Henye the Hoykhshprekherke, from Ayzik Meyer Dik’s “Reb Shmaye Eliter, der Gut-Yontef Biter”

Like “etlekhe yor tsurik“, Ayzik Meyer Dik’s “Shmaye Eliter the “good-yontef” wisher” is an example of the pedagogic Yiddish literature of the 1860s that sought, through comic stereotypes of traditional Jewish life, to encourage reform and modernization. Like Itse the khaper, Reb Shmaye – portrayed as a “typical” Jewish man – lacks any worldy skills, and makes his living as a melamed or teacher in the hated religious school, the kheyder.
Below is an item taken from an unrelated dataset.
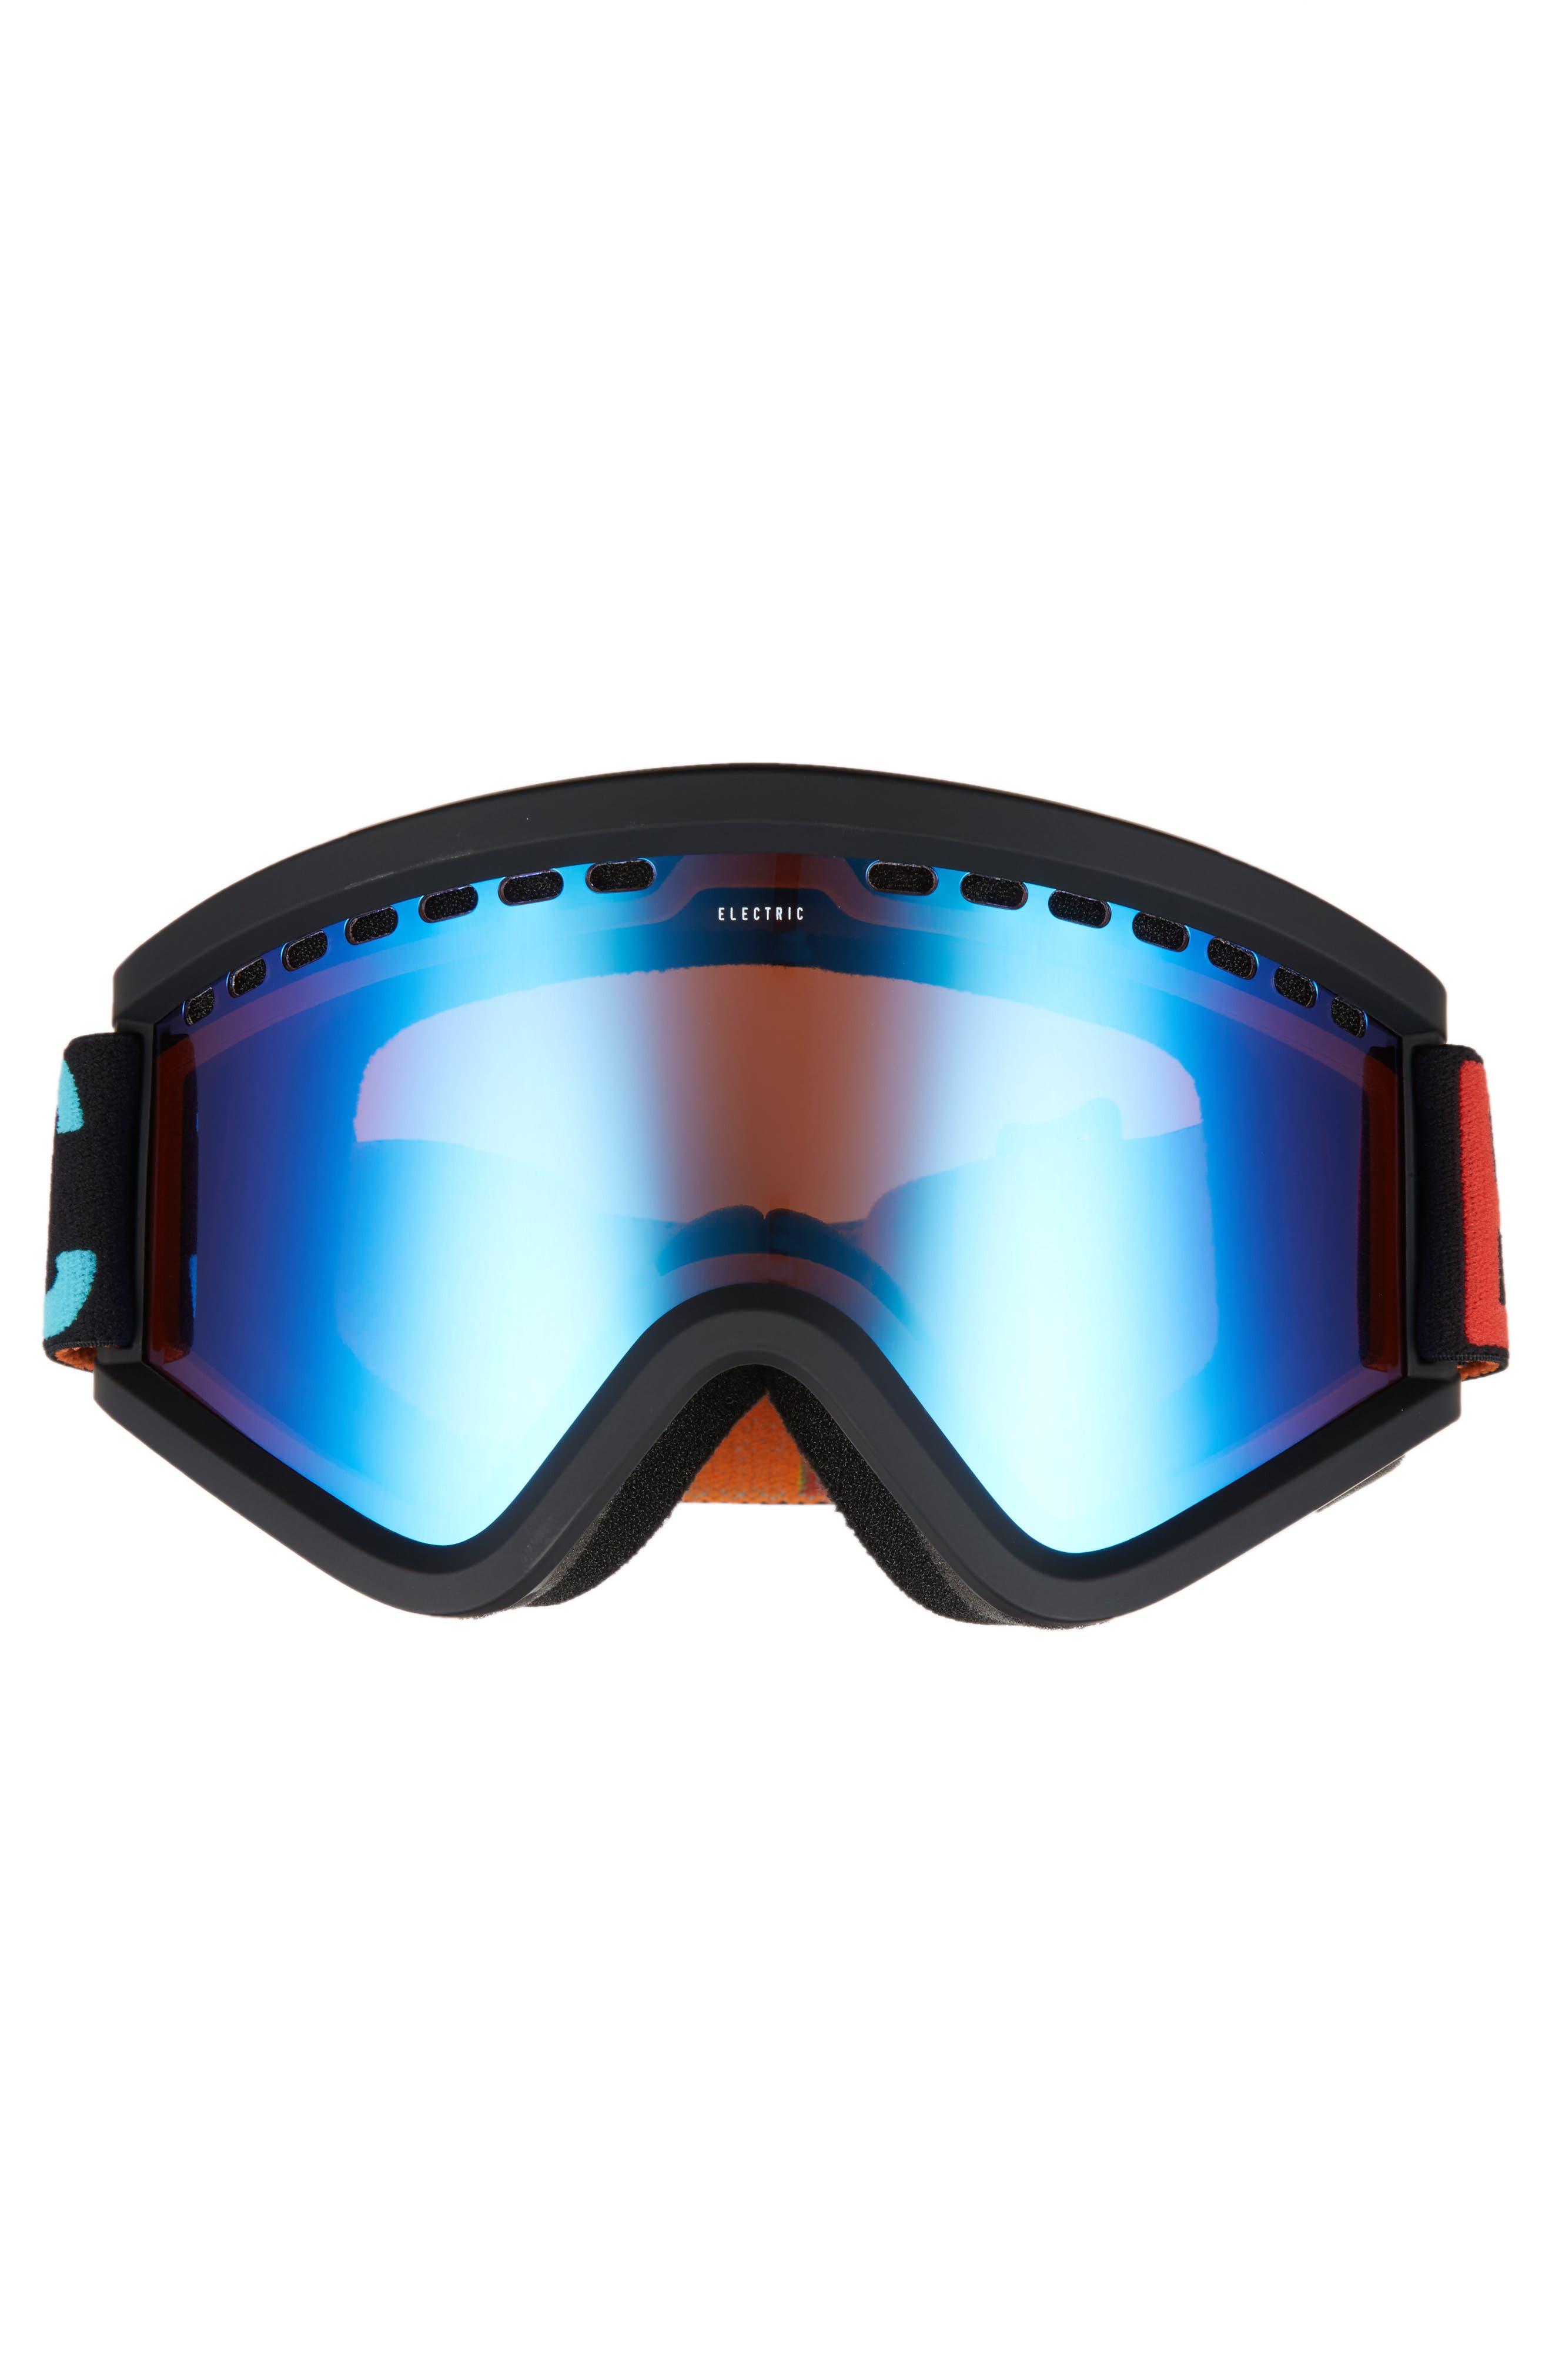 EGV Snow Goggles,                             Alternate thumbnail 12, color,

Also like Itse, Shmaye depends heavily on the income of his wife Henye who, like Istyekhe, makes her money as a leader of various women’s customs and rituals.

Seeing these customs as part of what he sees as the backwards, superstitious nature of traditional Ashkenazi Judaism, Dik, like the anonymous author in Kol Mevaser, nonetheless portrays them as an important part of that tradition. Meanwhile, the women who led these customs are presented not as marginal characters, but as part of a class of religious functionaries, alongside male religious teachers and others who worked for the kahal. Dik, who wrote for a predominantly female readership, dedicates significant space to mocking women’s customs and women religious functionaries, through the character of Henye the “hoyshprekherke” which appears to be a play on the word “opshprekherke” – evil eye healer. A skilled pourer of wax and led and healer with elflocks, “opshprekherke” is just one of Henye’s many professions.  
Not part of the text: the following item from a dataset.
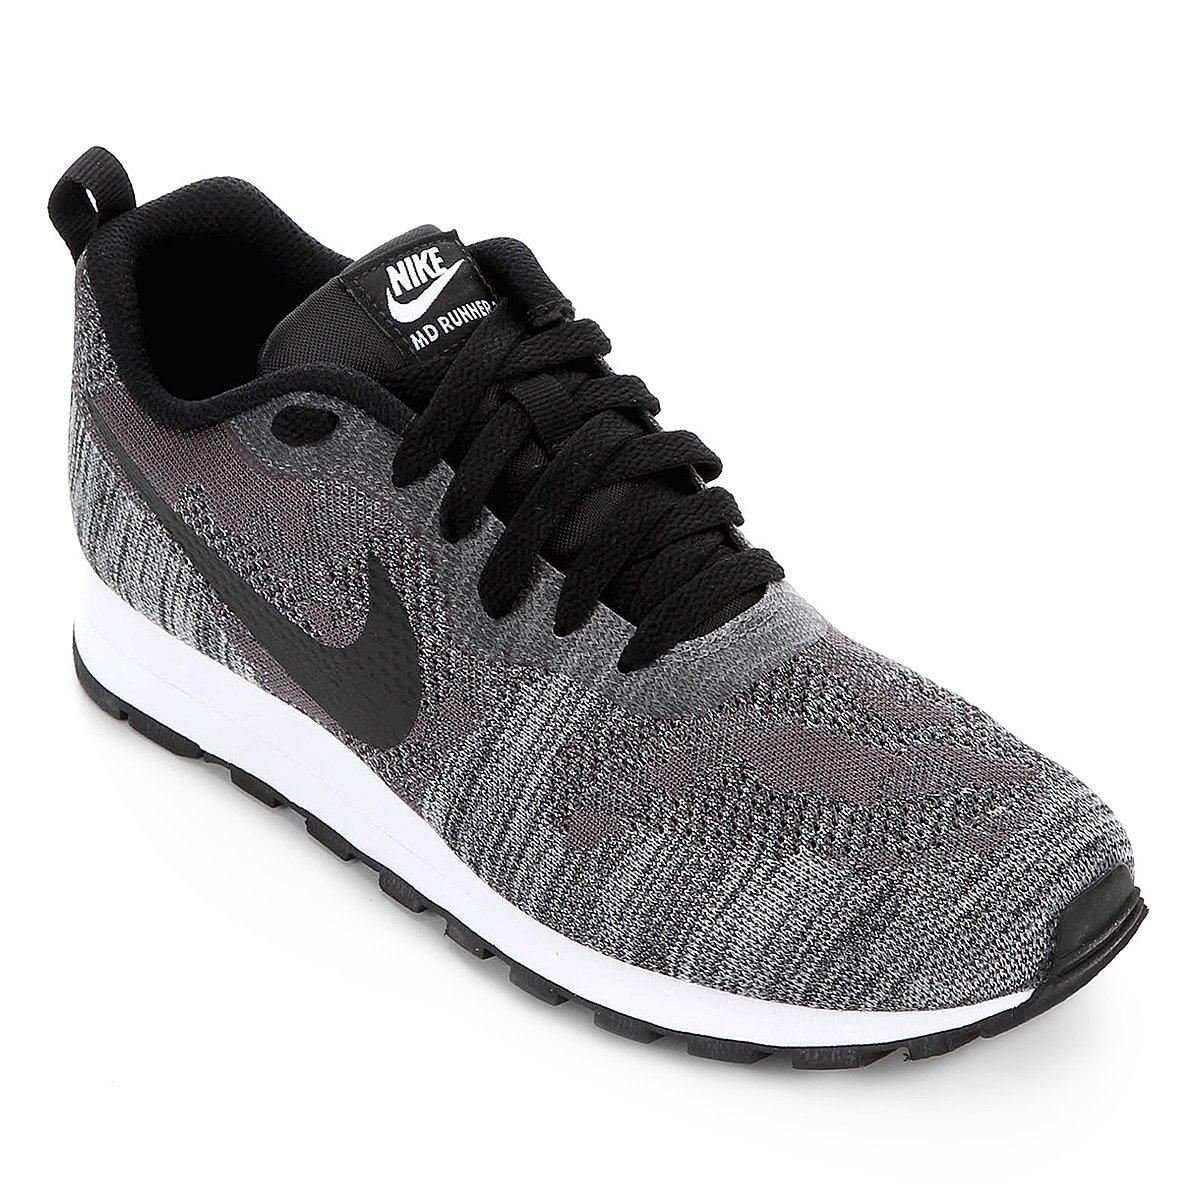 Tênis Nike Md Runner 2 19 Feminino Preto E Chumbo

Shmaye’s wife Henye the Hoykhsphrekherke, who was known before her wedding as the “Erets-Yisroel girl

When Shmaye was 18 years old, he was married to a girl who was at the time, known as the “Land of Israel girl” and who, after her marriage, would be known as “Henye the hoykhshprekherke”. She was called the “Erets-Yisroel” girl because her father once travelled with her to the land of Israel. Except that shortly after they set off on their journey, in a small town barely seven miles away from Vilna, he became ill and died. The young girl quickly turned back to Vilna, bringing with her a little sack of “land of Israel Earth”. This Erets-Yisroel earth was later given to our Reb Shmaye as a dowry.
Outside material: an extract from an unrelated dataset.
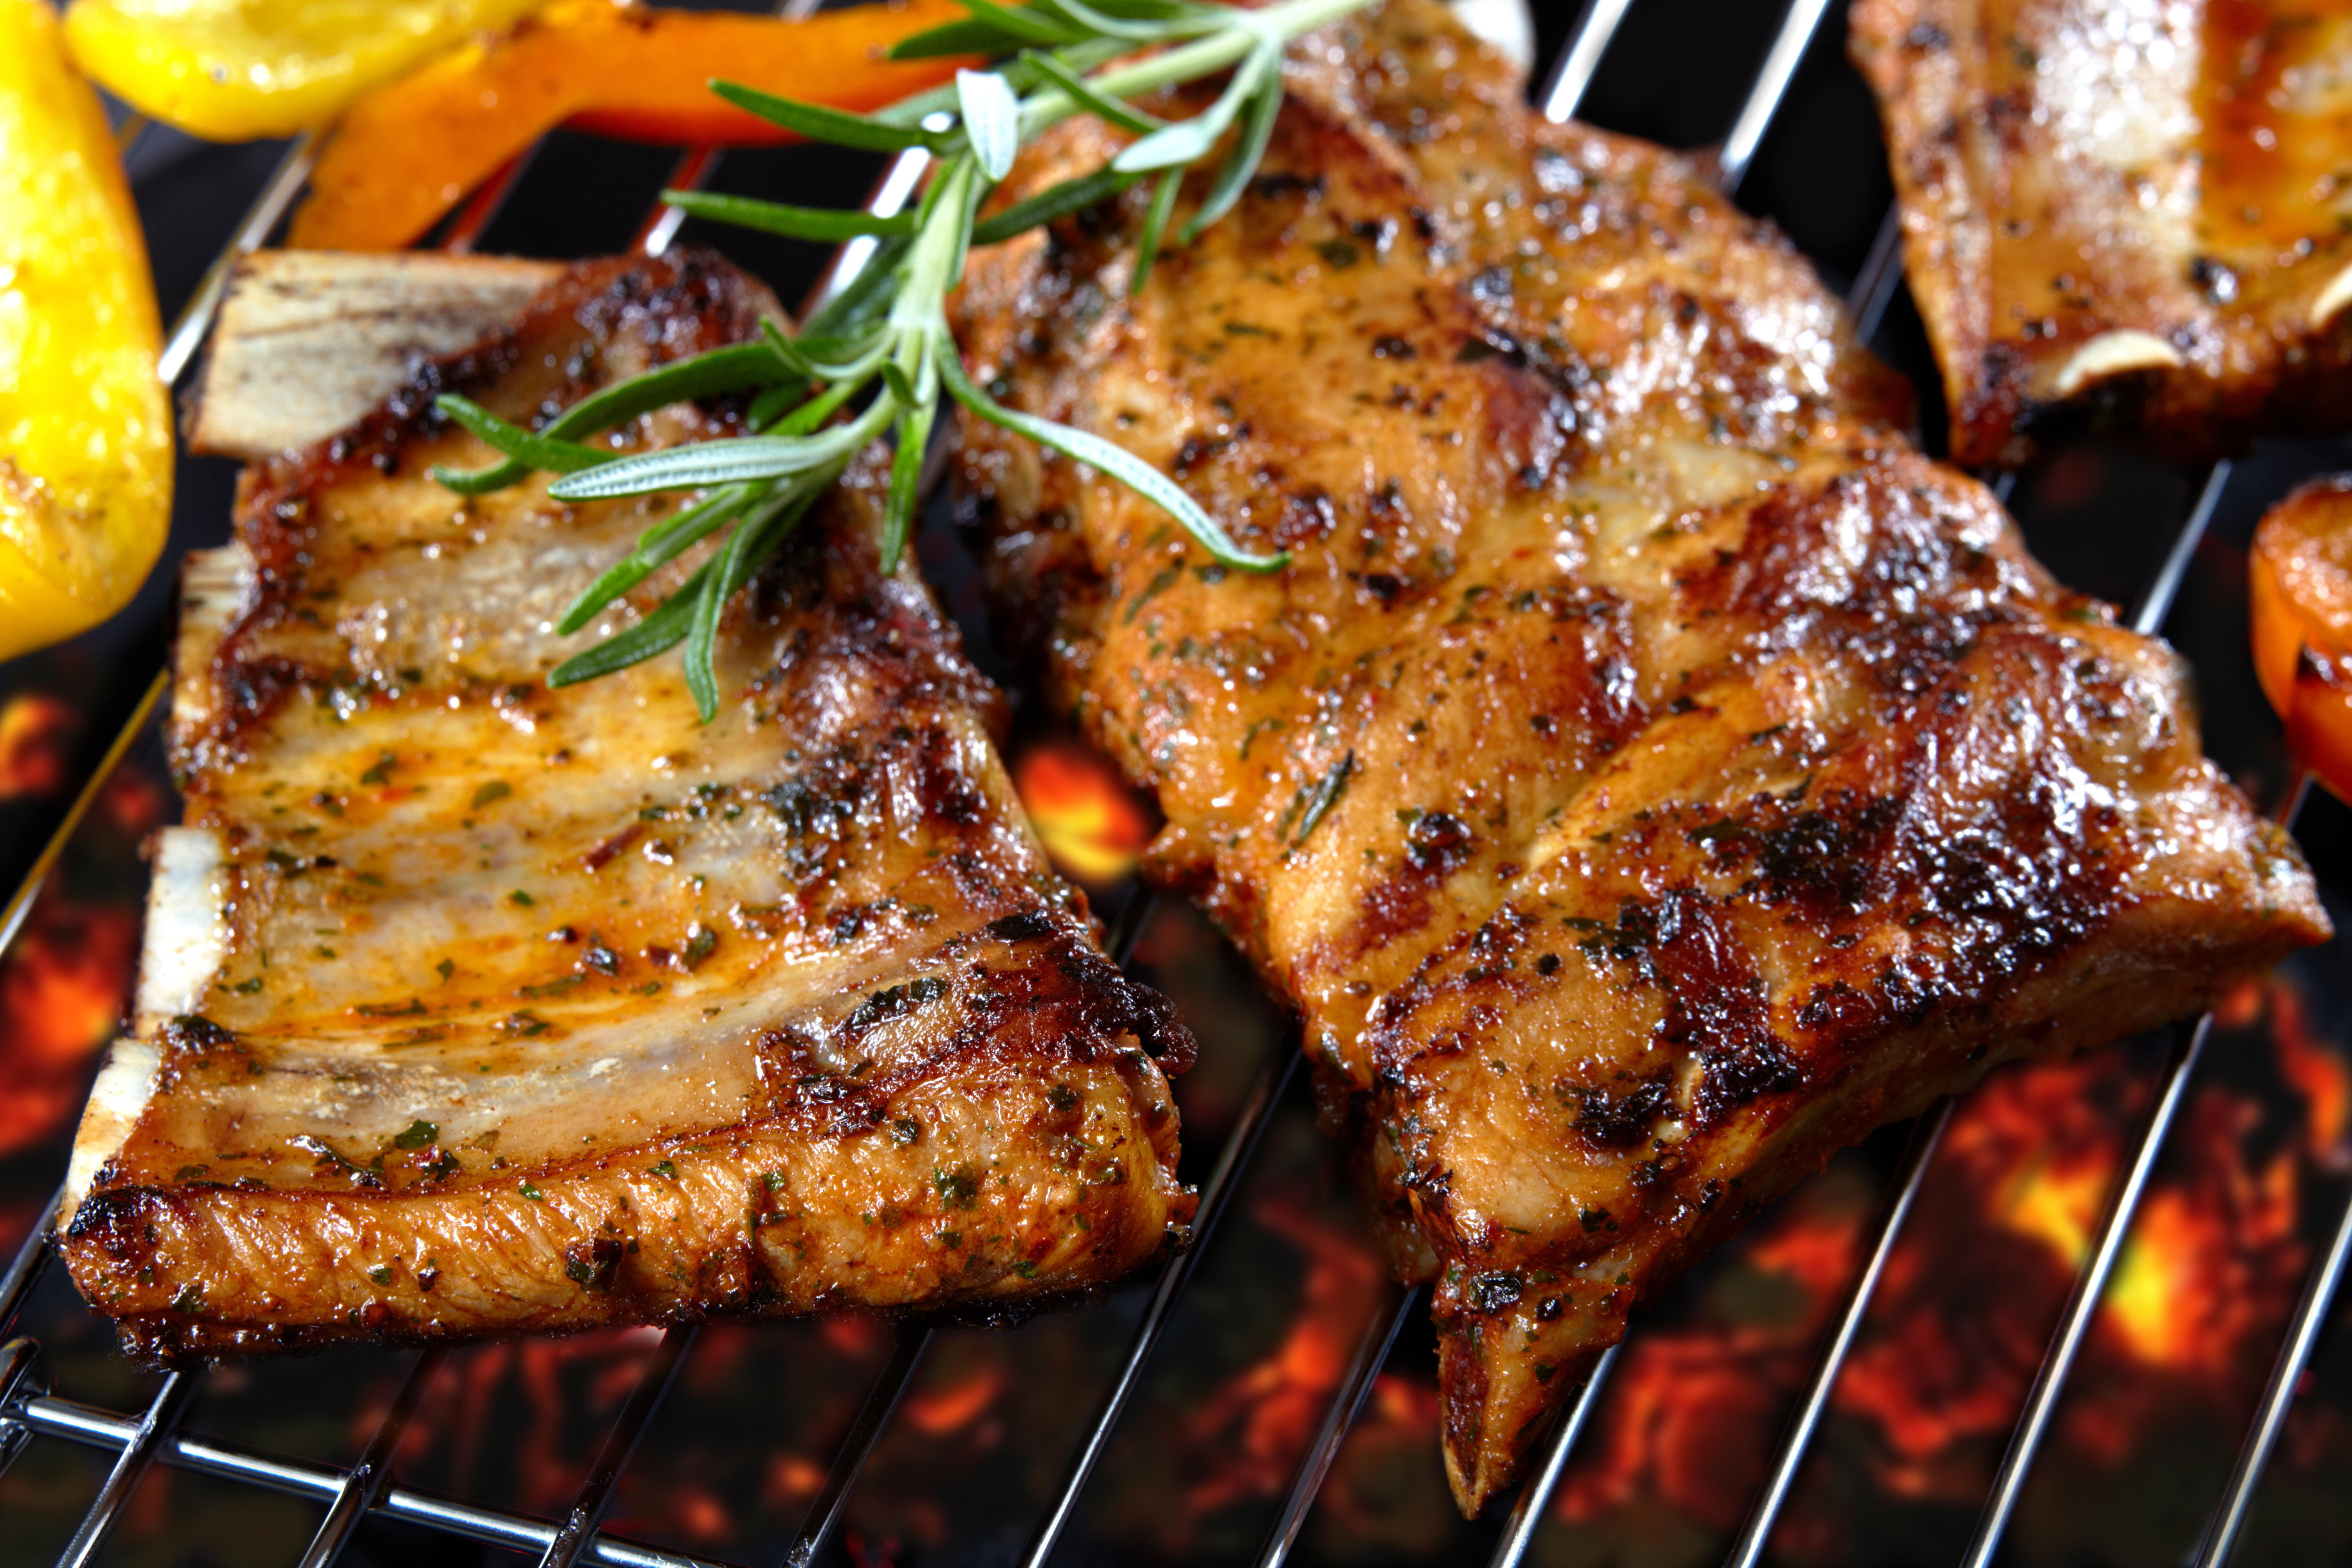 Pork grilling photo

She became known as Henye the “high-speaker” because she was a big talker and she always spoke very highly of herself and of her husband. She knew what was going on in every household and in the married life of every couple. She was like a living calendar. She remembered the wedding date of every girl in town, every marital incident, the number of times each woman had been divorced, who was in which month of pregnancy, and who had needed to pawn their pearls that month … To put it briefly, she knew everything about every living and dead member of the community, about every big and small occurrence.  She knew where each person lived, and how they lived.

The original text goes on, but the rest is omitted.